Bellosillo, who is also the founder and president of the Foundation for Lay Education on Heart Diseases, was wondering why it was not included in the usual list of risk factors established by the landmark studies.
Bellosillo said: “These two cases make one think that there may be risk factors for atherosclerosis that were not somehow uncovered by these landmark studies. This only means there are other groups of different genetic makeup, exposed to different environmental conditions, nutrition, etc. that could still develop atherosclerosis and later suffer from heart disease. Knowing the nature of the subjects included in these studies, one cannot help but raise the question of the universality of these ‘Western’ risk factors disseminated by these studies.”
Further confirmed
Bellosillo’s concern was further confirmed when recent studies found that the risk of heart attack was threefold higher in subjects with homocysteine levels in the top 5 percent of values, compared to subjects with homocysteine in the bottom 90 percent.

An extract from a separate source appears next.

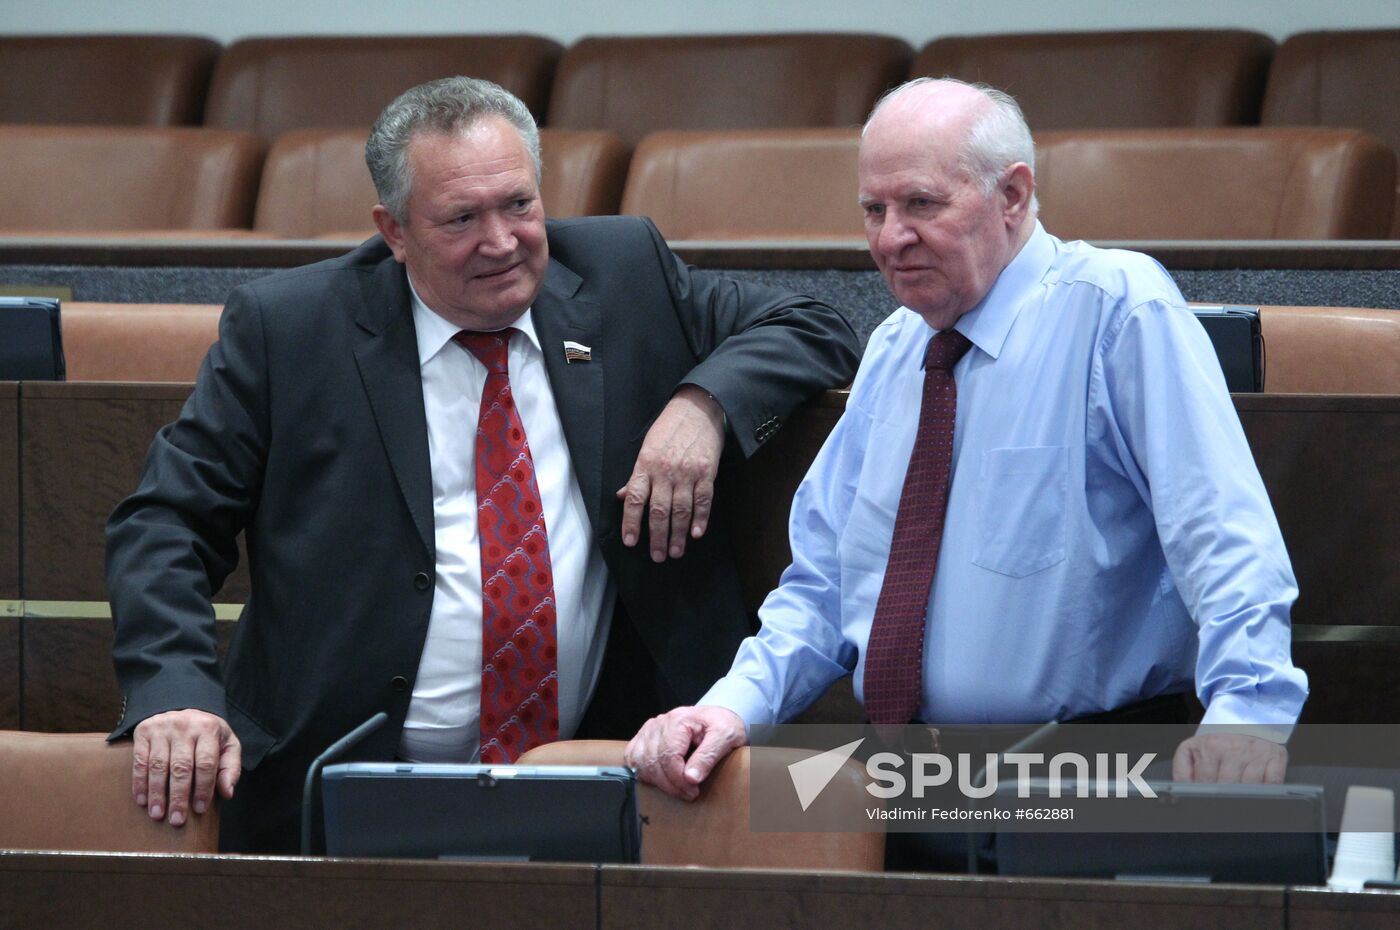 Meeting of Federation Council on May 13, 2010

Subsequently, a number of other studies have concluded that high homocysteine levels represent an important independent risk factor for coronary heart disease, heart attack, stroke, peripheral atherosclerosis and venous thromboembolism (the blockage of a blood vessel by a migrating clot).
Bellosillo said: “No wonder the International Task Force for the Prevention of Cardiovascular Diseases in Europe recommended that homocysteine be measured in patients with history of atherosclerosis and/or those with blood vessels clogged with clots. The same task force recommended that individuals with homocysteine levels greater than 12 micromoles per liter should increase and/or supplement dietary intake of folic acid; and those with levels greater than 30 should be treated with daily doses of folic acid, vitamin B6 and vitamin B12.”
Already practiced
The doctor was glad that while measuring homocysteine levels is hardly available in the country, a number of hospitals including the Makati Medical Center have been performing the test for quite a while already, with many of the requests coming from cardiologists, neurologists, nephrologists and internists.
Bellosillo said: “So far, studies to determine whether lowering homocysteine levels can reduce the risk of heart disease haven’t shown a benefit, but this may be because the studies were too small or because homocysteine levels weren’t lowered enough. However, with folic acid, vitamins B6 and B12 widely available and very inexpensive, management of patients with cardiovascular diseases due to elevated homocysteine becomes easier and very affordable especially to the population in developing countries such as ours.”
He added that it is reasonable for high-risk patients with high homocysteine levels to increase their intake of B vitamins. “These vitamins can be found in a wide variety of fruits, green leafy vegetables and grain products fortified with folic acid,” he said.